Big Cricket Farms founder Kevin Bachhuber explained to a composition class how an education in English helped prepare him to convince Americans to eat bugs
By Graig Graziosi
A bellowing, villainous laugh set the mood as a group of students consumed cupfuls of dried, dead crickets.
Kevin Bachhuber, founder of Big Cricket Farms — the first food-grade cricket farm in the United States — was the source of both the crickets and the laugh.
“Watching people eat bugs I give them has given me a chance to really work on my villain laugh,” Bachhuber said.
Colleen Clayton-Dippolito, a professor at Youngstown State University, invited Bachhuber to speak to her composition class on Thursday.
“It’s just an enriching thing. Some of the assignments I give [students] are writing about local things …[Big Cricket] is a success story in an area that isn’t exactly known for that. It’s innovative, it’s the first [food-grade cricket farm] in America and it’s right here in Youngstown,” Clayton-Dippolito said. “It’s special. … I think it’s important to think and write about local things.”
Bachhuber discussed the business of selling crickets, the practice of raising them and how his English degree helped equip him to convince consumers to eat bugs.
“I actually think [having a humanities degree] was a primary advantage in setting up the business. It’s one thing to set up a product, it’s another thing to have buyers — to understand what motivates people, and to reach out and engage and convince them that your product is something special,” Bachhuber said.
Time and experience eventually brought Bachhuber appreciation for his degree.
“If you’d have asked me 10 years ago, I wouldn’t have been so up on my English degree,” he said. “Now I really see its value.”
Though selling and eating crickets isn’t directly applicable to writing the perfect essay, Bachhuber argued the importance for students, regardless of their majors, to have a mastery of the language they intend to use for business.
For Bachhuber and his colleagues at Big Cricket Farms, overcoming the stigma surrounding insects — that they’re disgusting and should be avoided — and arguing they should, instead, be used for food was a primary challenge.
“There’s this thing — people kind of have it in America — where anyone that eats bugs is kind of weird, or a scientist or some nerdy dude or whatever, and when I come out and people see I’m a relatively normal person and we have the chance to connect face to face and see past those stigmas it really changes the dialog,” Bachhuber said.
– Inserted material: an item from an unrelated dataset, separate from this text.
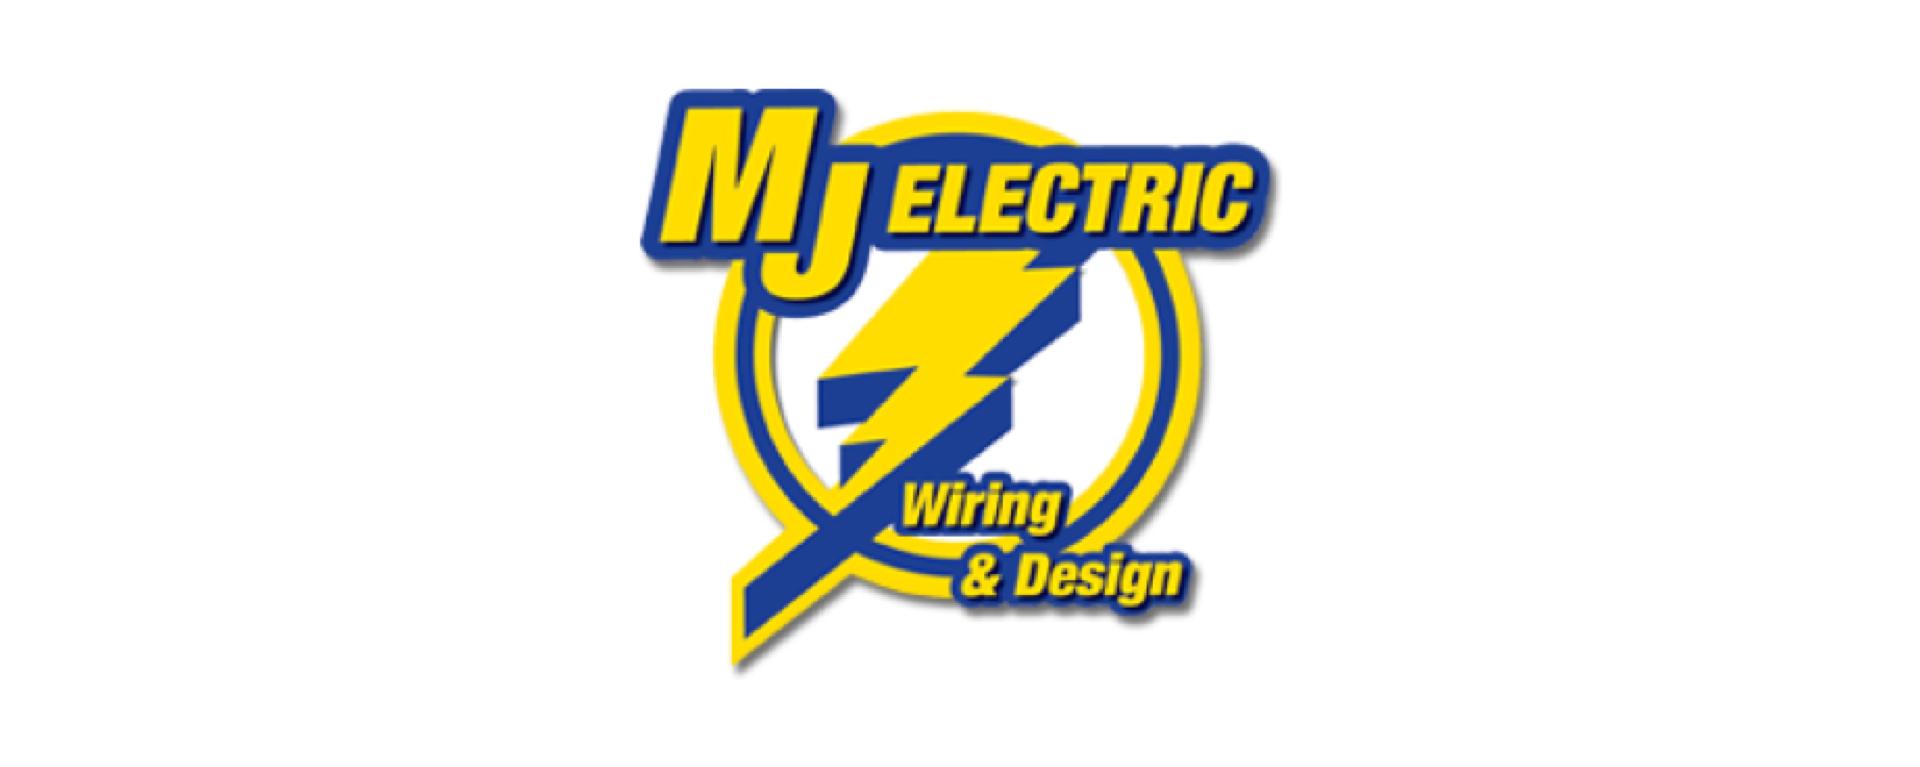 MJ Electric
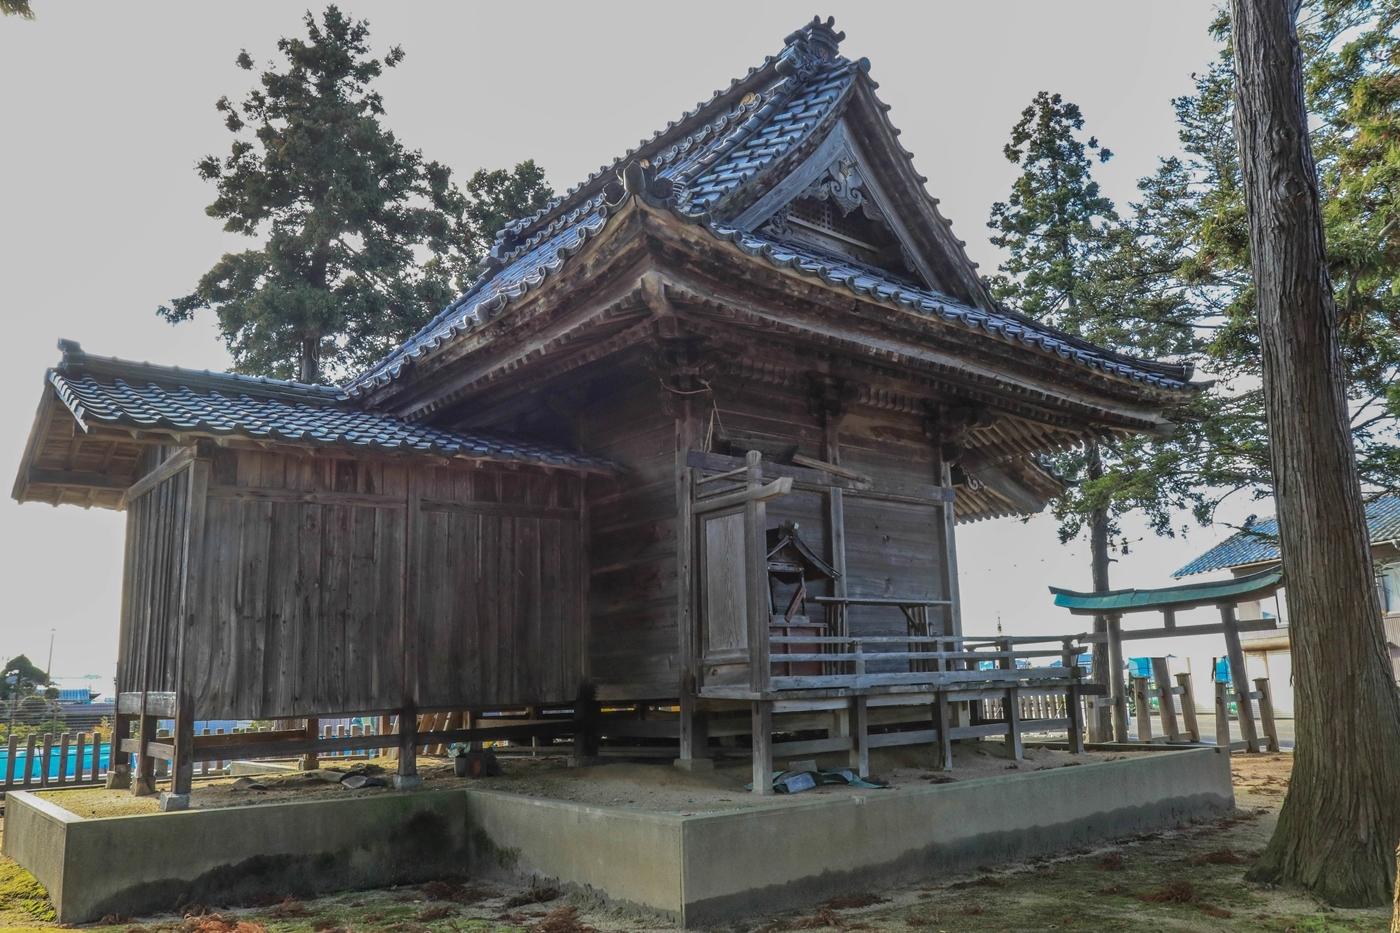 ●SLA2018・11・26阿賀野市前山諏訪神社_12 (1 - 1)

Clayton-Dippolito used Bachhuber’s fight against the insects-as-food stigma to show her students the real world application of the structured arguments she teaches in class.
“Students can see a direct example of argumentation. An argument is not always two sides fighting with each other — it’s making a point,” Clayton-Dippolito said.
The arguments Bachhuber articulated to convince his investors and those skeptical of Big Cricket’s mission eventually became the arguments consumers used to convince their friends to try crickets as food.
“One of the things I really love seeing is how these conversations play out on Facebook and stuff. People, when they order the bugs, they’ll tag our farm on their wall and I’ll see some of the comments their friends make saying ‘ew why would you eat crickets.’ And it’s fascinating because then you see the arguments you laid out a year ago being used by other people to defend eating crickets. It’s interesting to see that ownership,” Bachhuber said.
After discussing the marriage of business and narrative, Bacchuber and Clayton-Dippolito invited the class to try out cupfuls of Big Cricket Farms’ dried crickets as well as larger grasshoppers imported from Mexico.
Arielle Germanos, a nursing student in Clayton-Dippolito’s class, tried the crickets and was surprised by their flavor.
“It was good! They kind of taste like croutons for salad,” she said. “I thought they were going to taste like bugs more but it didn’t taste like bugs at all.”